CNN is a leading news website that provides breaking news, in-depth analysis, and a variety of multimedia content covering a range of topics including U.S. politics, world news, business, health, entertainment, sports, science, and technology. The site features live TV broadcasts, video reports, and podcasts that delve into current events.

## Key Highlights:

- **Breaking News:**
  - AP has filed a lawsuit against Trump administration officials after being barred from presidential events.
  - Lawmakers are expressing concern over NASA's lack of transparency regarding DOGE.
  - Los Angeles DA opposes new evidence claims by the Menendez brothers.
  - Recent updates include a court ruling on Trump's push to expand power and ongoing debates in various political arenas.

- **U.S. Affairs:**
  - A federal judge has allowed the Trump administration to move forward with dismantling USAID.
  - Two individuals have been charged in connection to a transgender man's death in New York.

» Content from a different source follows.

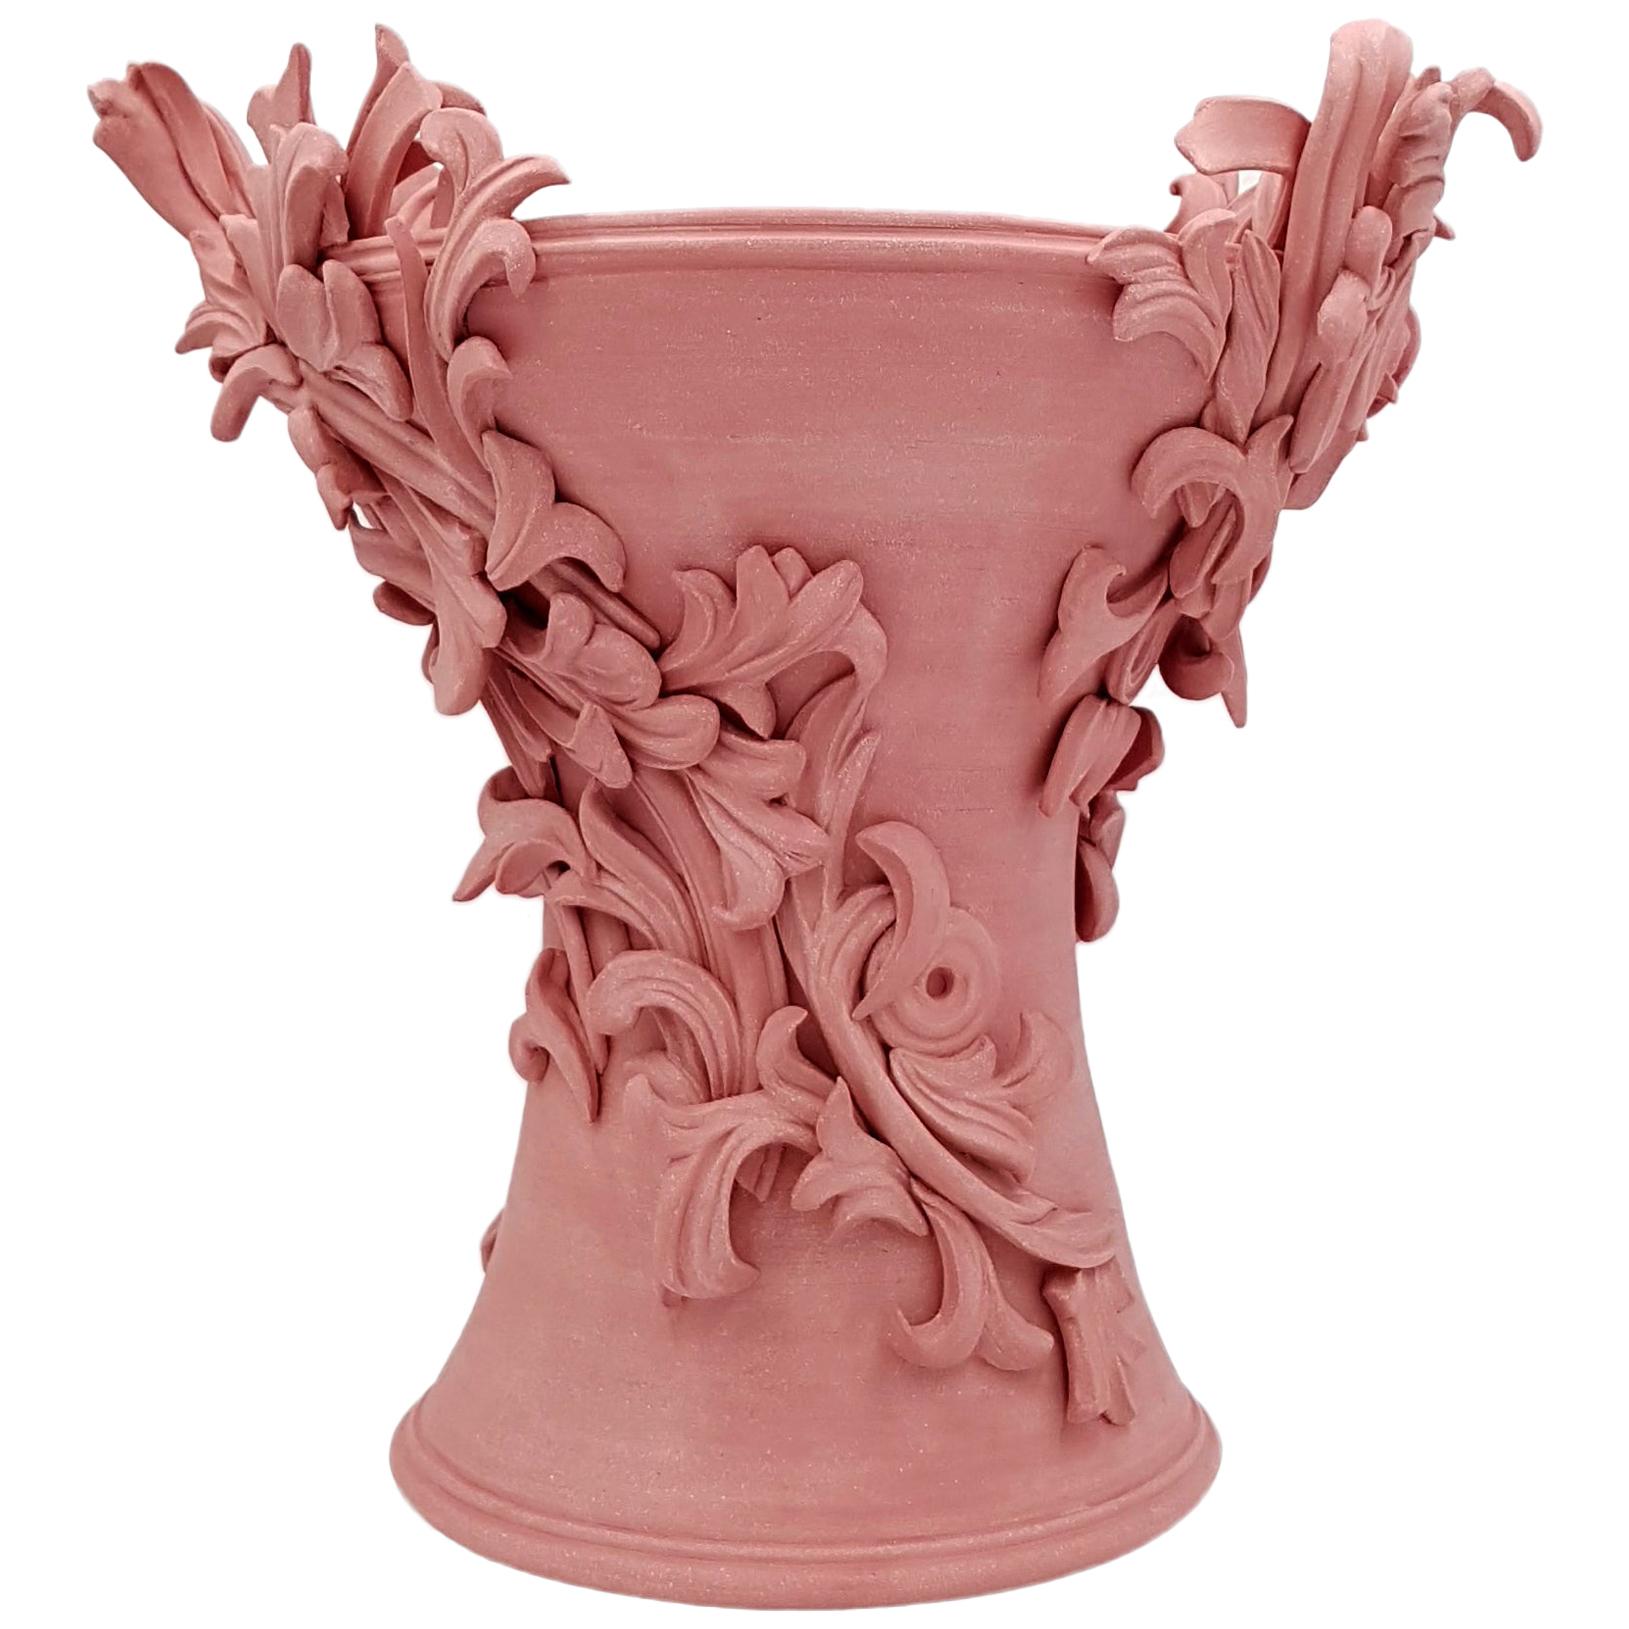 Vari Capitelli V, a Unique Ceramic Vase in Vibrant Salmon Pink by Jo Taylor

- **International Updates:**
  - Israel is preparing for the return of a coffin believed to contain the remains of Shiri Bibas.
  - U.S. aid freezes have put HIV-positive orphans in Kenya at risk.

- **Entertainment & Culture:**
  - Tributes are pouring in for individuals such as soul singer Jerry Butler and Notorious B.I.G.'s mother, Voletta Wallace, who recently passed away.

- **Health & Science:**
  - Insightful articles discuss the implications of ultraprocessed foods and health risks related to various conditions.

- **Sports:**
  - The New York Yankees have updated their facial hair policy, allowing beards.

CNN continues to engage its audience with live updates, podcasts, video segments, and in-depth reporting on global events and issues affecting society. The platform encourages user interaction through feedback mechanisms related to advertisements and website functionality.